■ What is needed:
Begin at the line containing "A mid-twentieth century" in the data below and go on through the line containing "Fauci predicts omicron", repeating each line exactly; include both ends and no other line.

(Records drawn from a dataset)
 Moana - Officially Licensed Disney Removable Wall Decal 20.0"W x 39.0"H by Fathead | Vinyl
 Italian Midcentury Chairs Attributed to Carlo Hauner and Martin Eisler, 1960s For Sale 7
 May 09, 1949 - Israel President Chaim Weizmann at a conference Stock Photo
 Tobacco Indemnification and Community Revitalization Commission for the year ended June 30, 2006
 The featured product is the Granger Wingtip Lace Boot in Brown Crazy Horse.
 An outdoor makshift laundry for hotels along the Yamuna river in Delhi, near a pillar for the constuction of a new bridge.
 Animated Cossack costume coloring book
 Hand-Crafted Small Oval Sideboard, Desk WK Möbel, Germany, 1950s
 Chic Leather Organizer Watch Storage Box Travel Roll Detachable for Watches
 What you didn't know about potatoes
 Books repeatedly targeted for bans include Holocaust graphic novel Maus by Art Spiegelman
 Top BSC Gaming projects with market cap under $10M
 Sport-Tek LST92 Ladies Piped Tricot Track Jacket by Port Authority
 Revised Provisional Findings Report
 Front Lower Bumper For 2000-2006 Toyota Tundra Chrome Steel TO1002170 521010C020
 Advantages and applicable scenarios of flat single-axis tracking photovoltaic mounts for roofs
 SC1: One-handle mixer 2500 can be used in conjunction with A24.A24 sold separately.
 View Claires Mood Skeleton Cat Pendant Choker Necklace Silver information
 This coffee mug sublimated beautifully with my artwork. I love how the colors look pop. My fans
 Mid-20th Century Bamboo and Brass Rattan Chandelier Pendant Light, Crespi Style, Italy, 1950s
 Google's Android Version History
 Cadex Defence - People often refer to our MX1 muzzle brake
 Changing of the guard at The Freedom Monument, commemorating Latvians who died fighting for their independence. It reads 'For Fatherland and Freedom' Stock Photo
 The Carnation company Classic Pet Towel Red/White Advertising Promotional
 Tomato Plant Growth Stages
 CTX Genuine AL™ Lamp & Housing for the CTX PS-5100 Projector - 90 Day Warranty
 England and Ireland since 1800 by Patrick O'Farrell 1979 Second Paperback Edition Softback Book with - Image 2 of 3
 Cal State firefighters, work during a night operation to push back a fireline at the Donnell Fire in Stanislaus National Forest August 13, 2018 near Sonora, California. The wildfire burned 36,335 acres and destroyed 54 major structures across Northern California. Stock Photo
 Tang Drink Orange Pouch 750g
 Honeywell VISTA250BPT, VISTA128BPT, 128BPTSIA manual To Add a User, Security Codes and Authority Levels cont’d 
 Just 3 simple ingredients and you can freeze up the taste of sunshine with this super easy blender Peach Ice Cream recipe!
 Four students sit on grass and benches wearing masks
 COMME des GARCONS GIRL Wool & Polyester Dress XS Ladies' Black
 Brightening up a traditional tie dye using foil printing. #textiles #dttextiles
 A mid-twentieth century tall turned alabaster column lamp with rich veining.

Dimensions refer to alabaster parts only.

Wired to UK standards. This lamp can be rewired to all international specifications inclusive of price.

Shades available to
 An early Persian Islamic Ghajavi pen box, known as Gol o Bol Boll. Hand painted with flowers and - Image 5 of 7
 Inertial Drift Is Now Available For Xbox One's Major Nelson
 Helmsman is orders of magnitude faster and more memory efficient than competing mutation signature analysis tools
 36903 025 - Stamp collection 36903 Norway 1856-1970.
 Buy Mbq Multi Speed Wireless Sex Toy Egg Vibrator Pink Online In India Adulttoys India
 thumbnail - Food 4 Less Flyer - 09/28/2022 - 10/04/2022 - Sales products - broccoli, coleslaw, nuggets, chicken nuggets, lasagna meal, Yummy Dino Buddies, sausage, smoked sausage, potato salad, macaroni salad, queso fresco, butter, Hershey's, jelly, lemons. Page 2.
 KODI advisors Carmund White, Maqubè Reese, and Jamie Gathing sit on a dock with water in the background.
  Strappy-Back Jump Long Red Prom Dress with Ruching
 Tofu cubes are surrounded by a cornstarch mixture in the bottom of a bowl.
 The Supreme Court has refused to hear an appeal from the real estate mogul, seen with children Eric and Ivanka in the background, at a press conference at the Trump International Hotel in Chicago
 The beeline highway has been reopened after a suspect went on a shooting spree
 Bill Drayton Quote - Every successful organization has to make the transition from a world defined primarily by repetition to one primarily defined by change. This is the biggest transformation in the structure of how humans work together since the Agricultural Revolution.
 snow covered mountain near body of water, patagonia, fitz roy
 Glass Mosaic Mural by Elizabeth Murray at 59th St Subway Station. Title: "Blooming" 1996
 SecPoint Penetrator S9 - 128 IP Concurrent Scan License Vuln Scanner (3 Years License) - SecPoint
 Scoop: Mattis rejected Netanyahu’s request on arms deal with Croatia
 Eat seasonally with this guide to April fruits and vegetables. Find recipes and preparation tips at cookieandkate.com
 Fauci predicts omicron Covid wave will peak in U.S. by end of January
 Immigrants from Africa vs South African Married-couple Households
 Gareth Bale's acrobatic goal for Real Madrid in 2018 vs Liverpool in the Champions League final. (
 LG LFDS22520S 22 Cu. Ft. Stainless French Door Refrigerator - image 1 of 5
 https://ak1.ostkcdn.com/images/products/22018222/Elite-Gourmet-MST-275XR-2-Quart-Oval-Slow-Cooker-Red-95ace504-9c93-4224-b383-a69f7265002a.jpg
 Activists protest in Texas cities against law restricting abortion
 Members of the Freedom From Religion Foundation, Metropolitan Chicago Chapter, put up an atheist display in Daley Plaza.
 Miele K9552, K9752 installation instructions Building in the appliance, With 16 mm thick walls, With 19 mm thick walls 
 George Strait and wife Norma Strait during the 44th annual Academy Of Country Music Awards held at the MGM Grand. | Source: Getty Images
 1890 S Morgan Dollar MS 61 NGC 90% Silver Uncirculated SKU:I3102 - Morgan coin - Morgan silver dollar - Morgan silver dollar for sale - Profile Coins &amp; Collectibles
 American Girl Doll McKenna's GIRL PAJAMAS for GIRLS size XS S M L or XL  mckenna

■ Completed task:
 A mid-twentieth century tall turned alabaster column lamp with rich veining.

Dimensions refer to alabaster parts only.

Wired to UK standards. This lamp can be rewired to all international specifications inclusive of price.

Shades available to
 An early Persian Islamic Ghajavi pen box, known as Gol o Bol Boll. Hand painted with flowers and - Image 5 of 7
 Inertial Drift Is Now Available For Xbox One's Major Nelson
 Helmsman is orders of magnitude faster and more memory efficient than competing mutation signature analysis tools
 36903 025 - Stamp collection 36903 Norway 1856-1970.
 Buy Mbq Multi Speed Wireless Sex Toy Egg Vibrator Pink Online In India Adulttoys India
 thumbnail - Food 4 Less Flyer - 09/28/2022 - 10/04/2022 - Sales products - broccoli, coleslaw, nuggets, chicken nuggets, lasagna meal, Yummy Dino Buddies, sausage, smoked sausage, potato salad, macaroni salad, queso fresco, butter, Hershey's, jelly, lemons. Page 2.
 KODI advisors Carmund White, Maqubè Reese, and Jamie Gathing sit on a dock with water in the background.
  Strappy-Back Jump Long Red Prom Dress with Ruching
 Tofu cubes are surrounded by a cornstarch mixture in the bottom of a bowl.
 The Supreme Court has refused to hear an appeal from the real estate mogul, seen with children Eric and Ivanka in the background, at a press conference at the Trump International Hotel in Chicago
 The beeline highway has been reopened after a suspect went on a shooting spree
 Bill Drayton Quote - Every successful organization has to make the transition from a world defined primarily by repetition to one primarily defined by change. This is the biggest transformation in the structure of how humans work together since the Agricultural Revolution.
 snow covered mountain near body of water, patagonia, fitz roy
 Glass Mosaic Mural by Elizabeth Murray at 59th St Subway Station. Title: "Blooming" 1996
 SecPoint Penetrator S9 - 128 IP Concurrent Scan License Vuln Scanner (3 Years License) - SecPoint
 Scoop: Mattis rejected Netanyahu’s request on arms deal with Croatia
 Eat seasonally with this guide to April fruits and vegetables. Find recipes and preparation tips at cookieandkate.com
 Fauci predicts omicron Covid wave will peak in U.S. by end of January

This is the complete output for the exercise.